Test_size should be around 0,1 if we have a small dataset, as we have, and around 0,2 if we have a bigger dataset.

In [None]:
from sklearn.model_selection import train_test_split
X_train, X_test, Y_train, Y_test = train_test_split(X, Y, test_size = 0.10, random_state = 1)

In [None]:
from sklearn.metrics import accuracy_score

accuracy_score(Y_test, log_reg_diabetes.predict(X_test))

Low accuracy!

Using Deep Learning as Multilayer Perceptrons is a better option, as the boundaries are non-linear. So, let's use it!

In [None]:
from sklearn.neural_network import MLPClassifier

In [None]:
mlp_diabetes = MLPClassifier(hidden_layer_sizes = (768, 384), random_state = 6, verbose = True, activation = "logistic", learning_rate_init = 0.01)

In [None]:
mlp_diabetes.fit(X_train, Y_train)

In [None]:
mlp_prediction = mlp_diabetes.predict(X_test)

In [None]:
accuracy_score(Y_test, mlp_prediction)

The accuracy has improved!

To construct a even better MLP classification, we are going to fill the zeros at the insulin column using this specific model: 

1. Find the mean value (1) of the insulin that is not related to the presence of diabetes
2. Doing the same for the value that is related to diabetes (mean value (2))
3. Filling the zeros using (1) when the outcome is zero, and using (2) when the outcome is one.

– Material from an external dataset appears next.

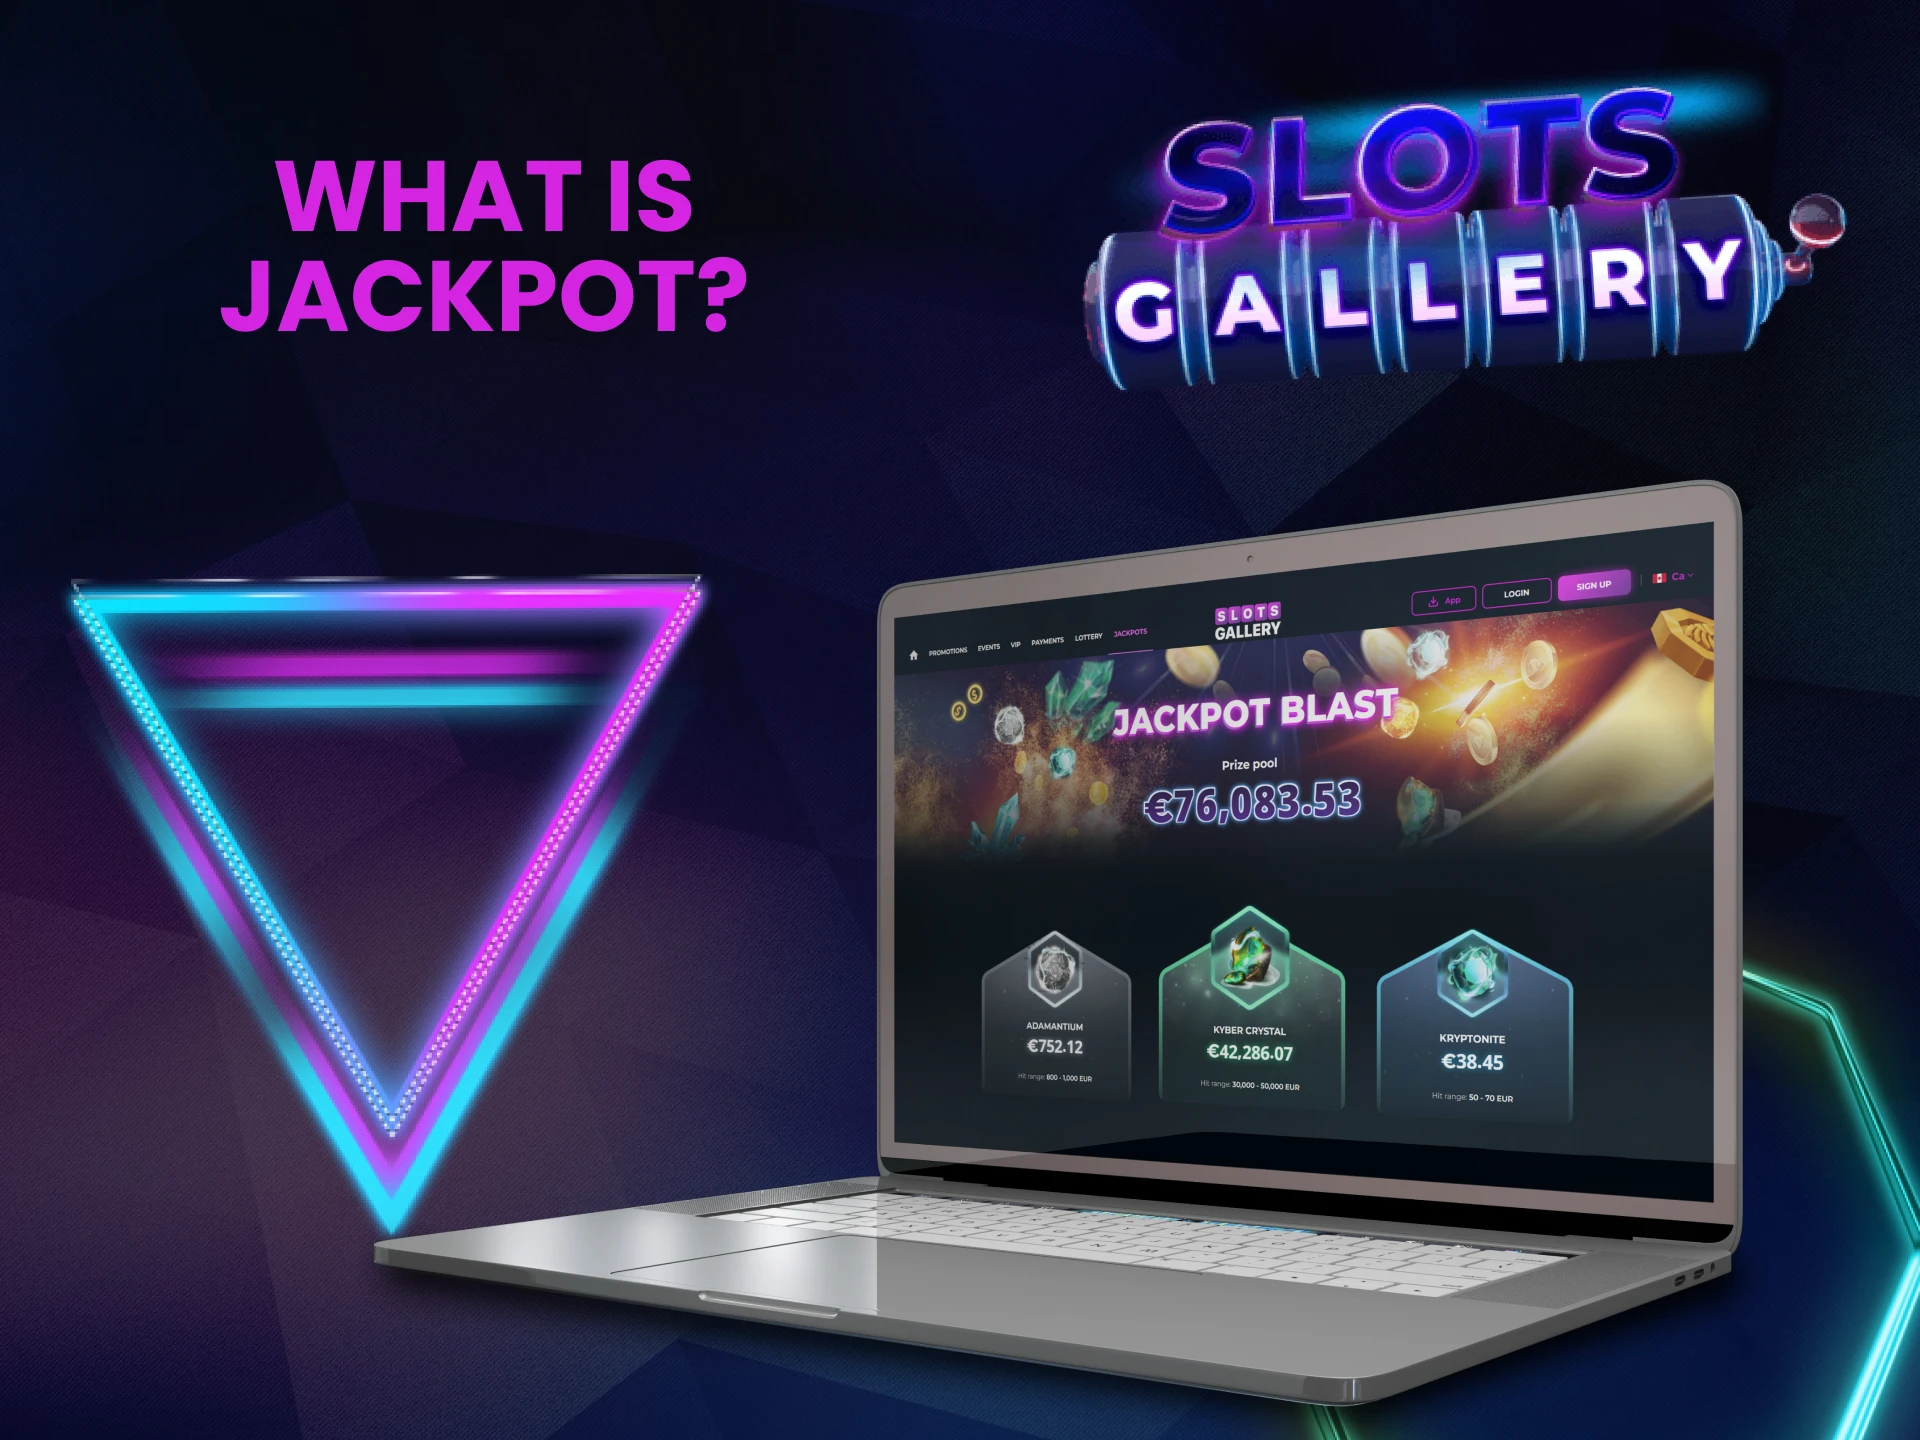 We will tell you what a jackpot is at Slots Gallery.

With this, we are going to have almost twice the data we already have... This will, probably, increase the accuracy of our model

In [None]:
df

In [None]:
df_insulin_new = df[["Insulin", "Outcome"]]

In [None]:
df_insulin_new

In [None]:
df_insulin_new_yes = df_insulin_new[df_insulin_new["Outcome"] == 1]
df_insulin_new_yes_ = df_insulin_new_yes[df_insulin_new_yes["Insulin"] != 0]
mean_insulin_yes = df_insulin_new_yes_.mean()[0]
mean_insulin_yes

In [None]:
df_insulin_new_no = df_insulin_new[df_insulin_new["Outcome"] == 0]
df_insulin_new_no_ = df_insulin_new_no[df_insulin_new_no["Insulin"] != 0]
mean_insulin_no = df_insulin_new_no_.mean()[0]
mean_insulin_no

In [None]:
insulin_series = df_insulin_new["Insulin"]
insulin_series

In [None]:
import warnings
warnings.filterwarnings("ignore")

In [None]:
for c in range(len(insulin_series)):
    if ((insulin_series[c] == 0) & (df_insulin_new["Outcome"] == 1))[c]:
        insulin_series[c] = mean_insulin_yes
    elif ((insulin_series[c] == 0) & (df_insulin_new["Outcome"] == 0))[c]:
        insulin_series[c] = mean_insulin_no
    else:
        continue

In [None]:
df_insulin_new

Now, the dataframe is able to be used for our learning:

In [None]:
X = np.array(insulin_series).reshape(-1,1)
X

In [None]:
Y = np.array(df_insulin_new["Outcome"])
Y

In [None]:
X_train, X_test, Y_train, Y_test = train_test_split(X, Y, test_size = 0.10, random_state = 1)

In [None]:
mlp_diabetes_new = MLPClassifier(hidden_layer_sizes = (768, 384), random_state = 6, verbose = True, activation = "logistic", learning_rate_init = 0.01)

In [None]:
mlp_diabetes_new.fit(X_train, Y_train)

In [None]:
accuracy_score(Y_test, mlp_diabetes_new.predict(X_test))

So, we have a even better result, with a great improvement!